Rust @programming.dev burntsushi @programming.dev 1 yr. ago

aho-corasick (and thus the regex crate too) now uses SIMD on aarch64 (e.g., Apple silicon) to greatly accelerate some searches

github.com add aarch64 SIMD implementation of Teddy by BurntSushi · Pull Request #129 · BurntSushi/aho-corasick

Up until this point, Teddy was explicitly written using x86-64 SIMD routines. Specifically, ones from SSSE3 and AVX2. This PR shuffles Teddy's main implementation into code that is generic over a n...

2 comments

Cross-posting from reddit:

The PR has more details, but here are a few ad hoc benchmarks using ripgrep on my M2 mac mini while searching a 5.5GB file.

This one is just a case insensitive search.
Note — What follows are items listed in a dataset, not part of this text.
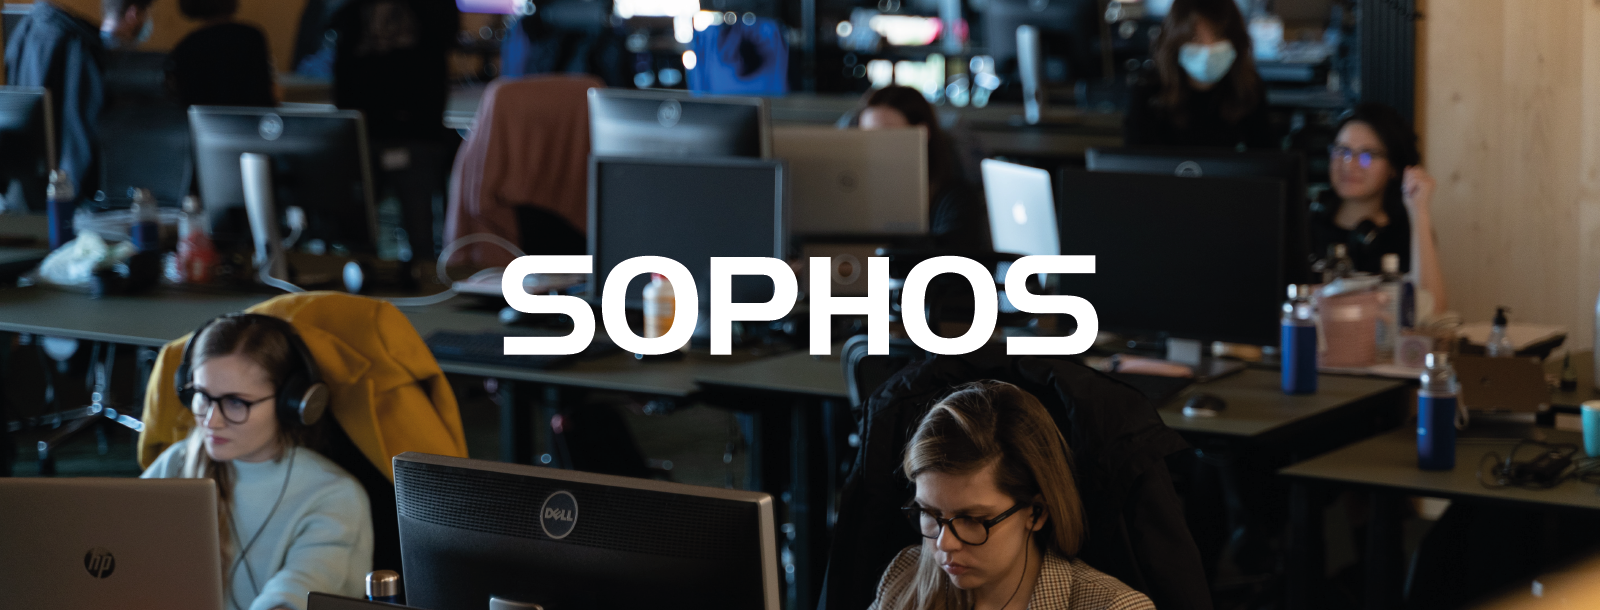 Tylko połowa pracowników uważa, że zasady cyberbezpieczeństwa są potrzebne – badanie Sophos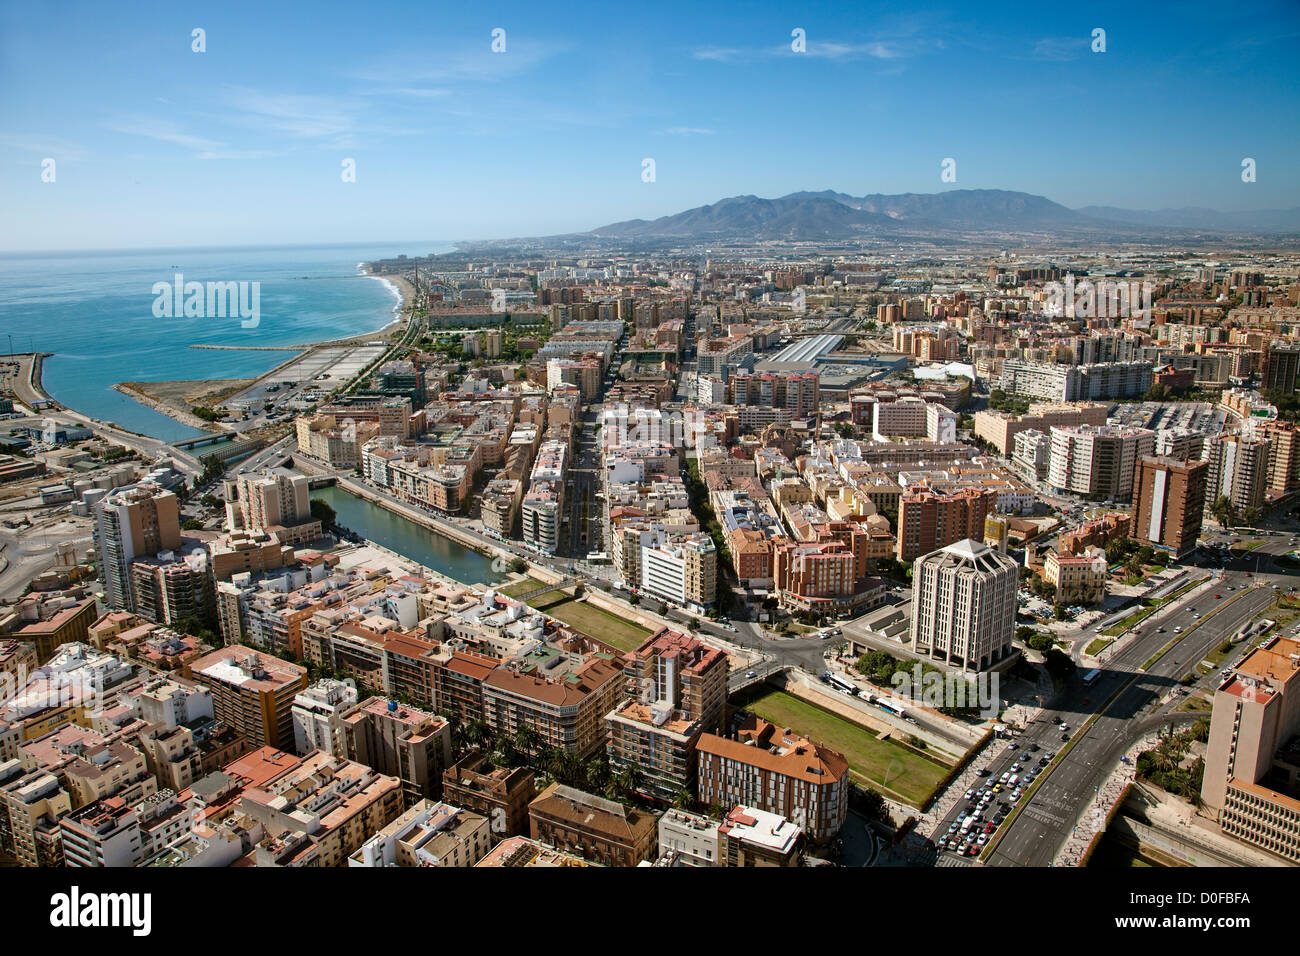 Aerial view of Malaga Costa del Sol Andalusia Spain Vista aerea de Málaga Costa del Sol Andalucía España Stock Photo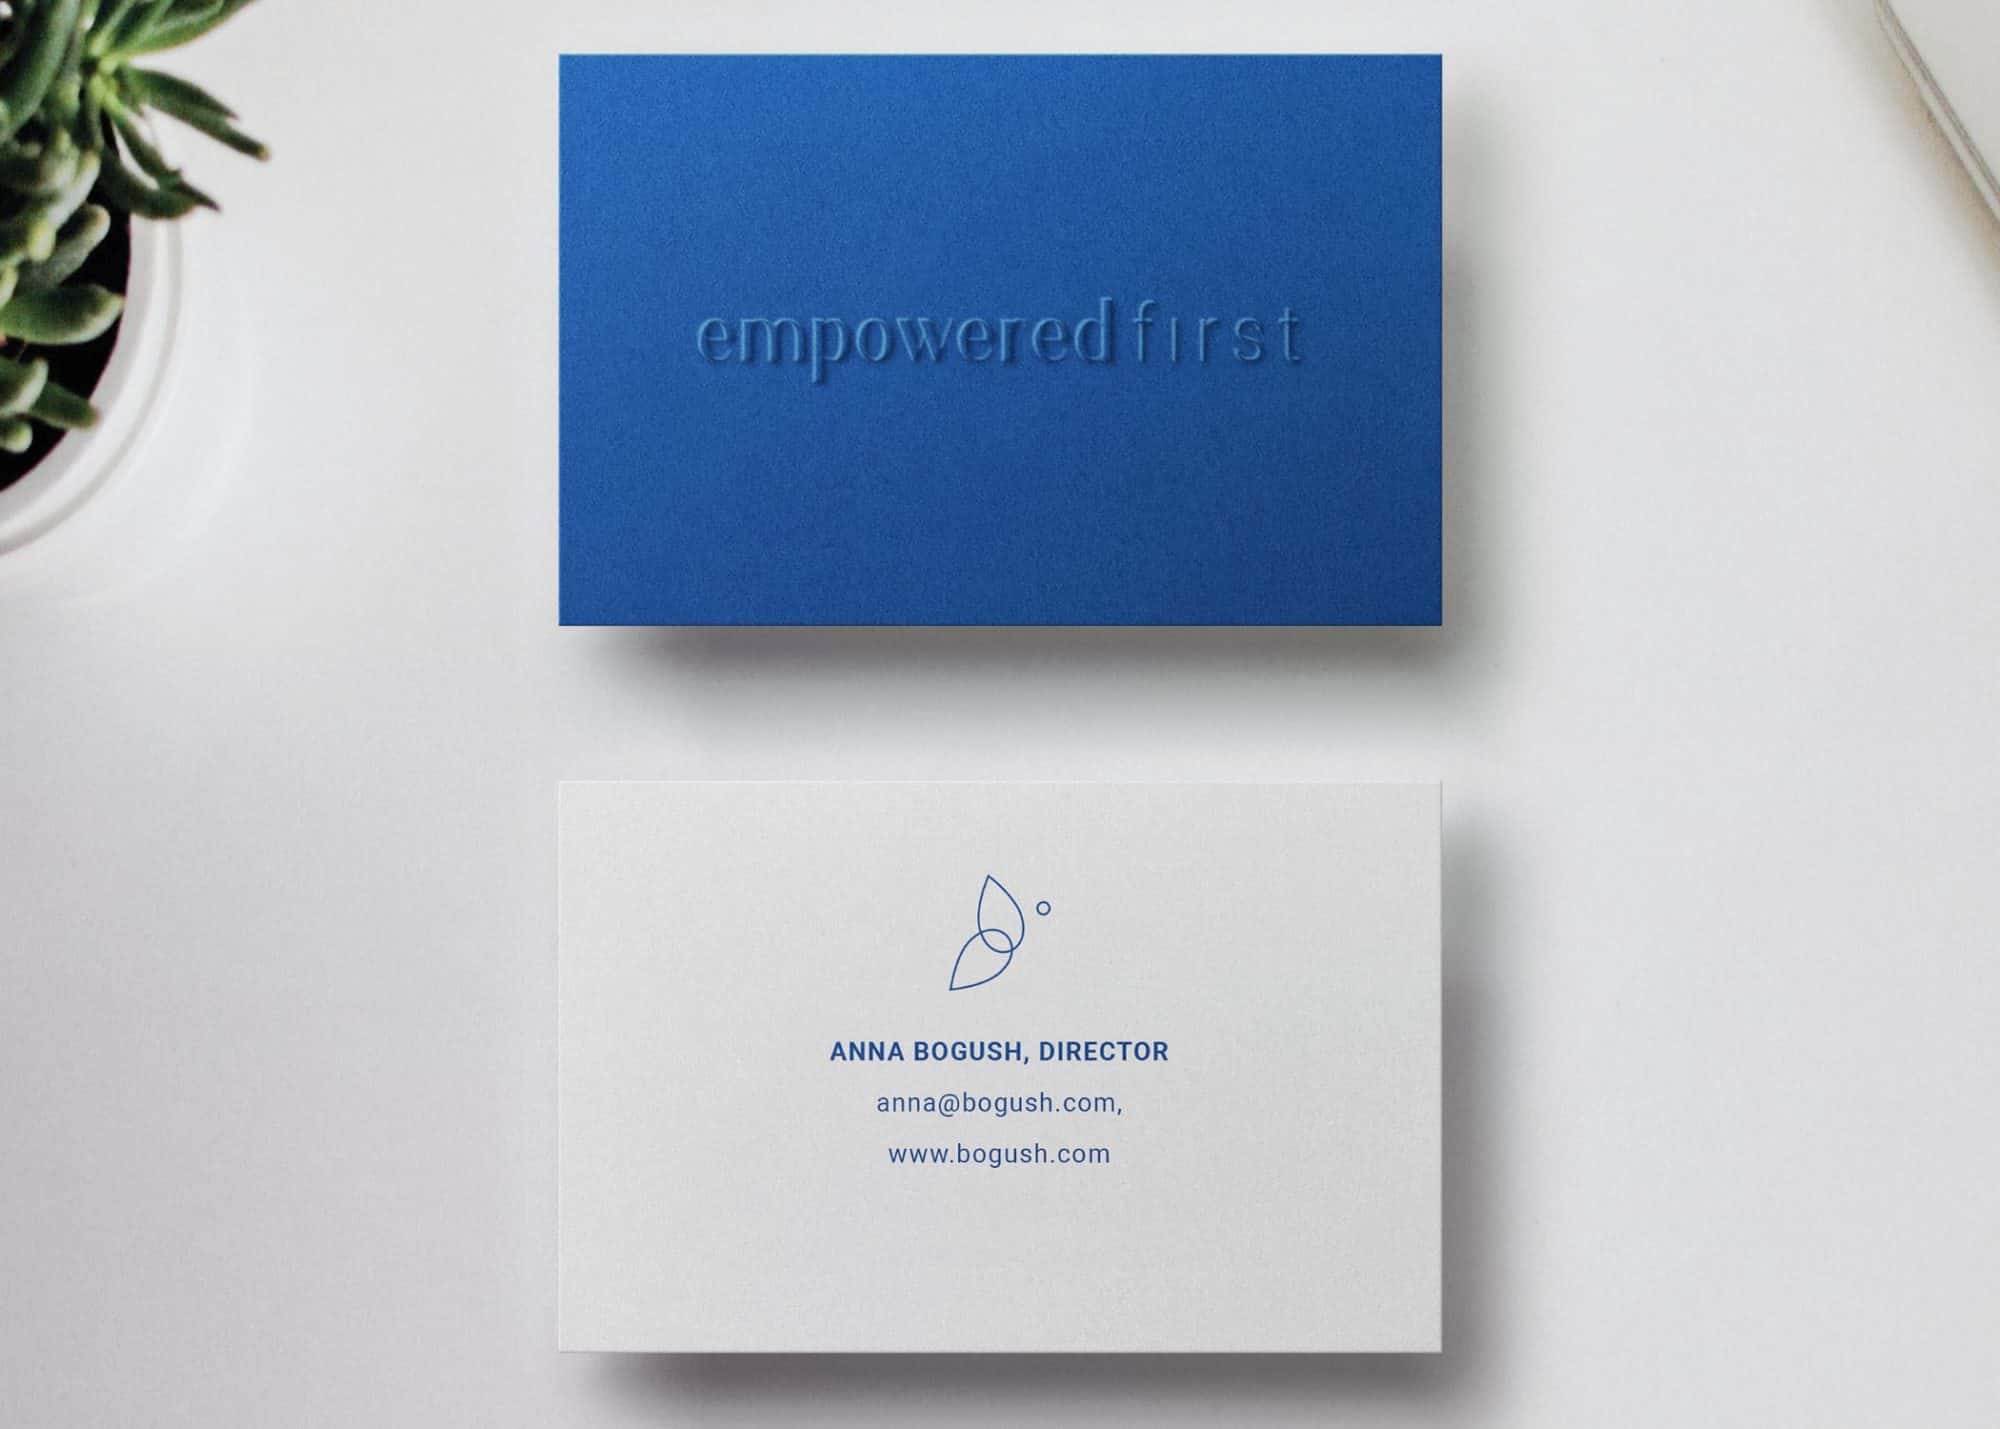 empoweredfirst brand identity design (15)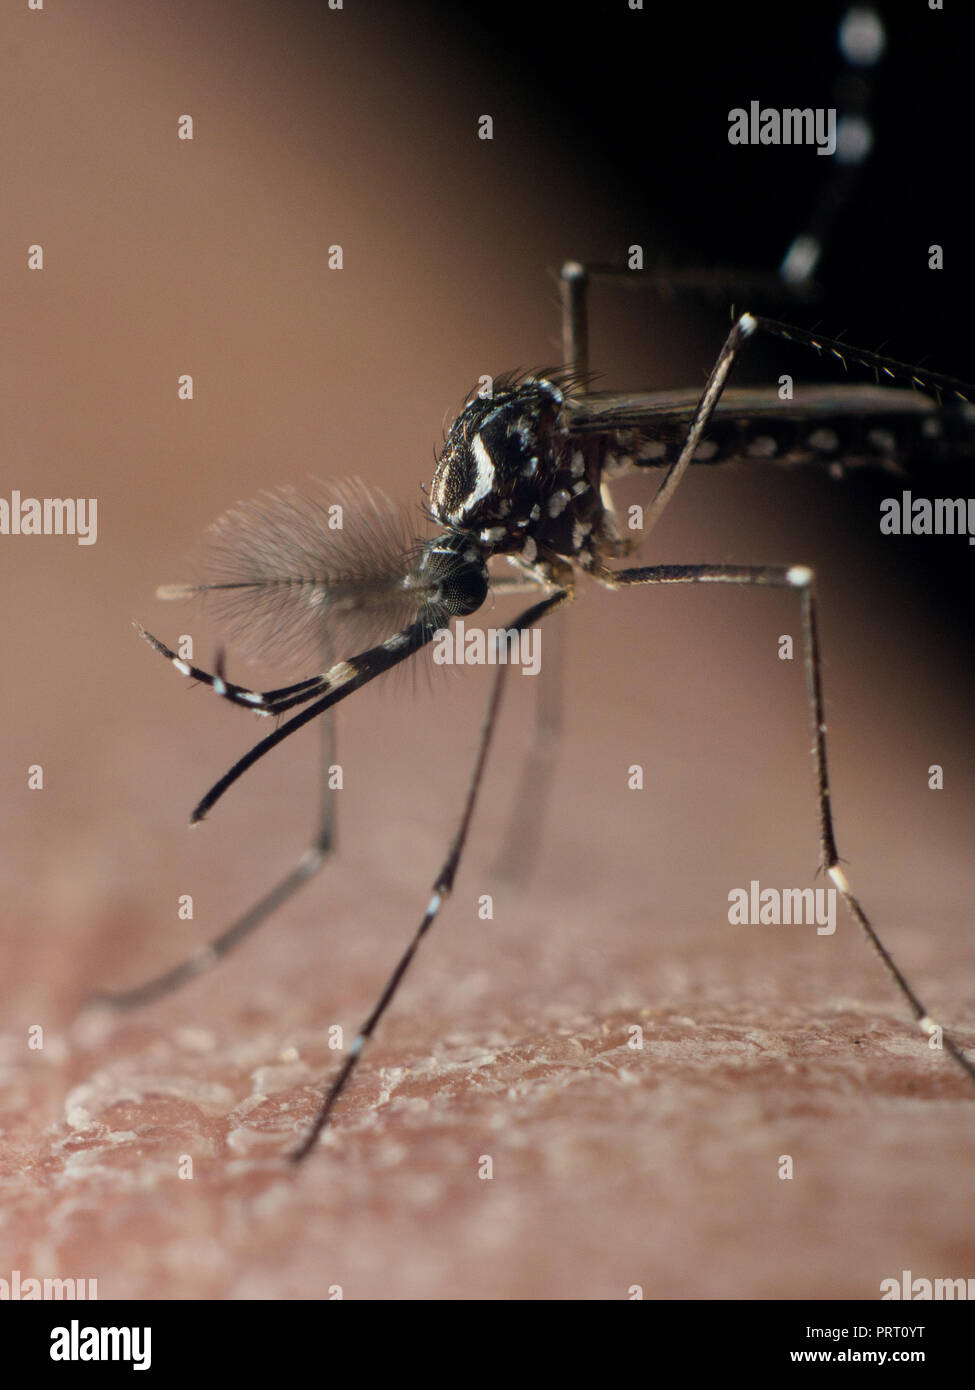 Foto verticale, vettore Aedes aegypti (mosquito da dengue) seduto sulla pelle umana. Vettore della febbre dengue, febbre gialla zika virus chikungunya e. Foto Stock

A case insensitive regex expands to something like (ignoring Unicode) [Ss][Hh][Ee][Rr]..., which means that it has multiple literal prefixes. In fact, you can enumerate them! As long as the set is small enough, this is something that the new SIMD acceleration on aarch64 can handle (and has done for a long time on x86-64):

$ time rg-before-teddy-aarch64 -i -c 'Sherlock Holmes' OpenSubtitles2018.half.en 3055 real 8.208 user 7.731 sys 0.467 maxmem 5600 MB faults 191 $ time rg-after-teddy-aarch64 -i -c 'Sherlock Holmes' OpenSubtitles2018.half.en 3055 real 1.137 user 0.695 sys 0.430 maxmem 5904 MB faults 203

And of course, using multiple literals explicitly also uses this optimization:

$ time rg-before-teddy-aarch64 -c 'Sherlock Holmes|John Watson|Irene Adler|Inspector Lestrade|Professor Moriarty' OpenSubtitles2018.half.en 3804 real 9.055 user 8.580 sys 0.474 maxmem 4912 MB faults 11 $ time rg-after-teddy-aarch64 -c 'Sherlock Holmes|John Watson|Irene Adler|Inspector Lestrade|Professor Moriarty' OpenSubtitles2018.half.en 3804 real 1.121 user 0.697 sys 0.422 maxmem 4832 MB faults 11

And it doesn't just work for prefixes, it also works for inner literals too:

$ time rg-before-teddy-aarch64 -c '\w+\s+(Sherlock Holmes|John Watson|Irene Adler|Inspector Lestrade|Professor Moriarty)\s+\w+' OpenSubtitles2018.half.en 773 real 9.065 user 8.586 sys 0.477 maxmem 6384 MB faults 11 $ time rg-after-teddy-aarch64 -c '\w+\s+(Sherlock Holmes|John Watson|Irene Adler|Inspector Lestrade|Professor Moriarty)\s+\w+' OpenSubtitles2018.half.en 773 real 1.124 user 0.702 sys 0.421 maxmem 6784 MB faults 11

If you're curious about how the SIMD stuff works, you can read my description of Teddy here. I ported this algorithm out of the Hyperscan project several years ago, and it has been one of the killer ingredients for making ripgrep fast in a lot of common cases. But it only worked on x86-64. With the rise and popularity of aarch64 and Apple silicon, I was motivated to port it over. I just recently finished analogous work for the memchr crate as well.
- This sounds really great and will probably have quite an impact on a lot of users. So, nice work!